Non mi sembra esagerato affermare che sono stati mesi di sospensione dell’art.27 Cost. e che si sono create bolle di incostituzionalità che hanno sfregiato “il volto costituzionale della pena”.
“Il futuro entra in noi, per trasformarsi in noi molto prima che accada”
Rainer Maria Rilke, nelle Lettere a un giovane poeta (Lettera del 12 agosto 1904) scriveva:” Non sappiamo dire chi sia venuto, forse non lo sapremo mai, ma molti sono i segni che ne parlano, che dicono che è in questo modo che il futuro entra in noi, per trasformarsi in noi molto prima che accada.”
L’importanza data al futuro rivela la vitalità di una persona, di una famiglia, di una comunità.

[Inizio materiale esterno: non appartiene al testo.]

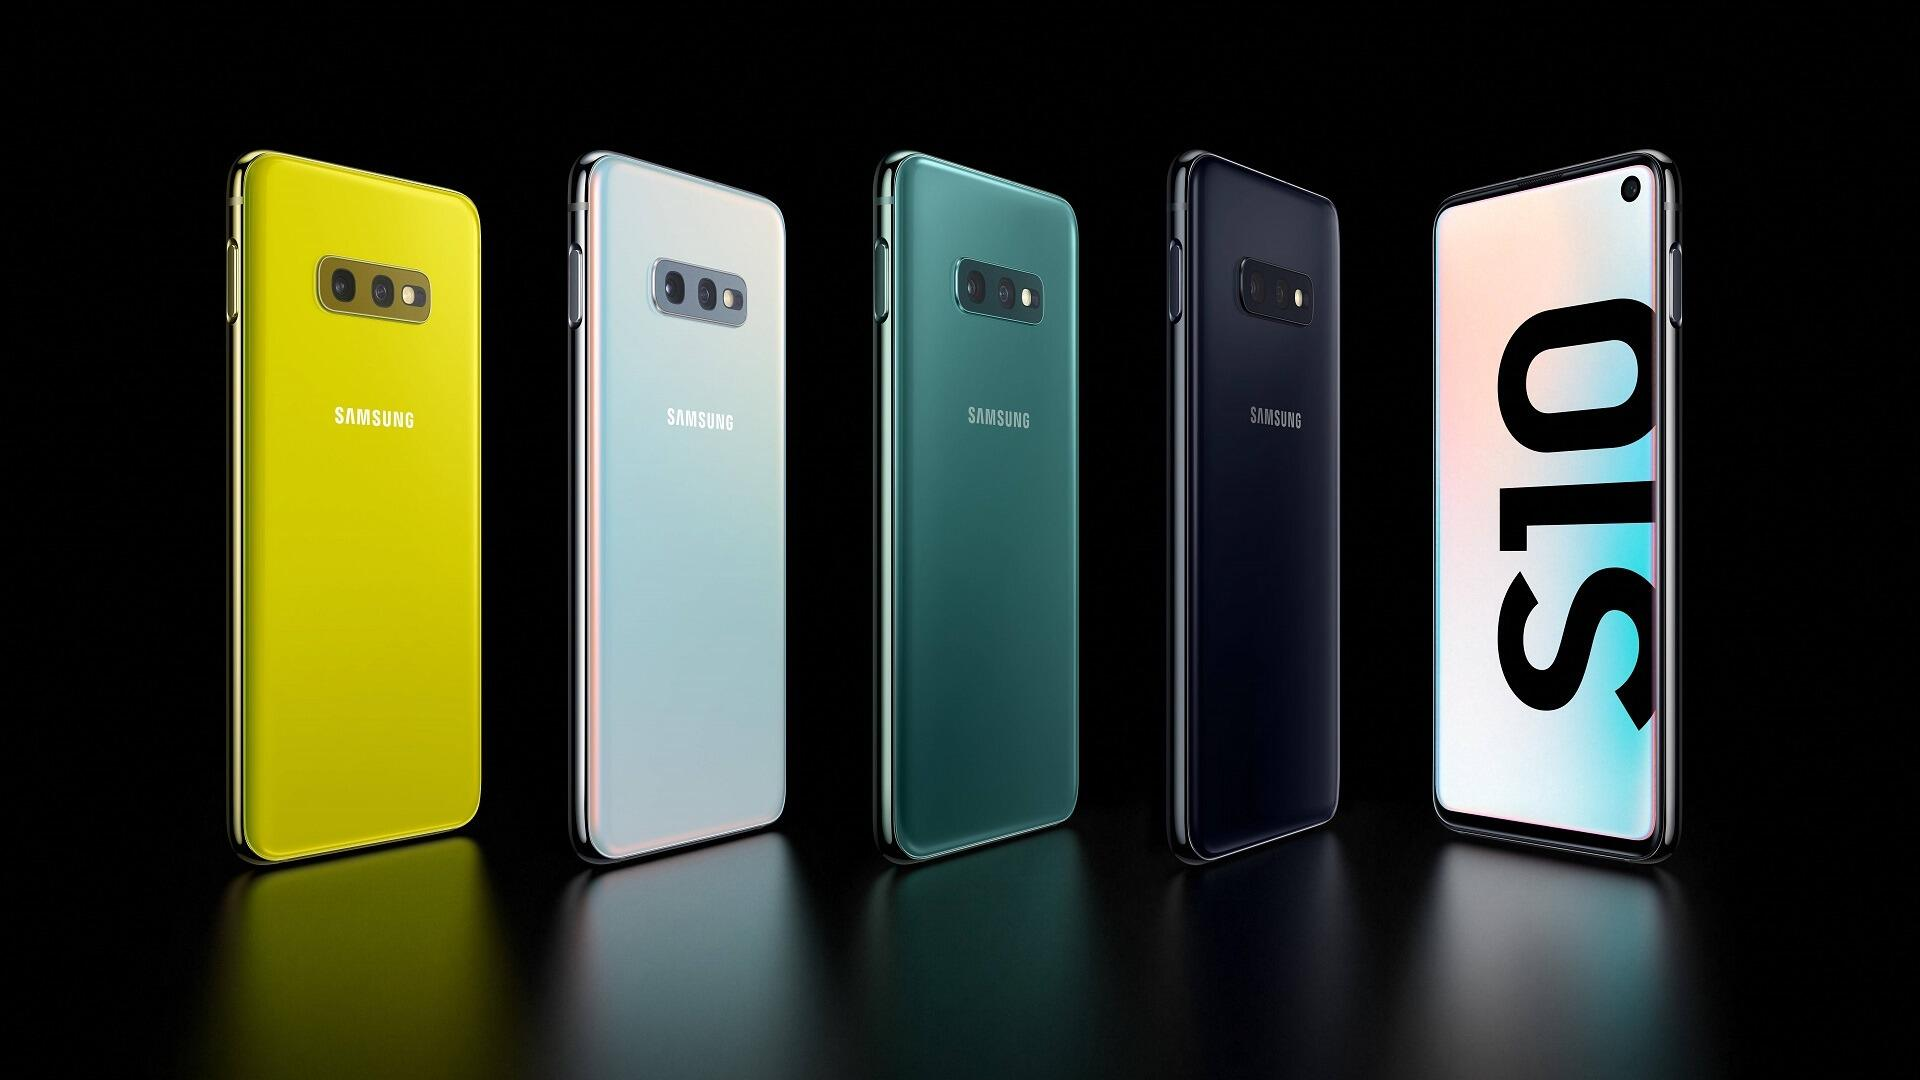 Smartphone Samsung Galaxy S10 128GB 4G Wi-Fi Tela 6.1'' Dual Chip 8MP RAM Câmera Tripla + Selfie 10MP

La statura di una comunità è direttamente proporzionale all’importanza che il futuro e i progetti hanno in quella comunità.
E’ chiaro ormai a tutti che il mondo di ieri non tornerà e che quando usciremo da questa emergenza sarà necessario ripensare in profondità il ruolo dello Stato, il tessuto economico sociale, il sistema istituzionale, le relazioni internazionali.
C’è bisogno di pensare al dopo, ai possibili percorsi di ritorno alla normalità, e alla futura normalità. È il momento di ragionare su tutto ciò che riguarda il con-vivere; su ciò che vorremmo e anche su ciò che non vorremmo ritornasse uguale.
“Dicebamus heri…”, la frase ed il programma che il teologo fra Luis de León pronunciò nel riprendere le lezioni all’Università di Salamanca, dopo cinque anni passati nelle carceri dell’Inquisizione, non è più riproponibile e non può significare “dove ci eravamo lasciati” perché in tanti non abbiamo lasciato. Comunque, deve essere ostacolata come progetto per il futuro.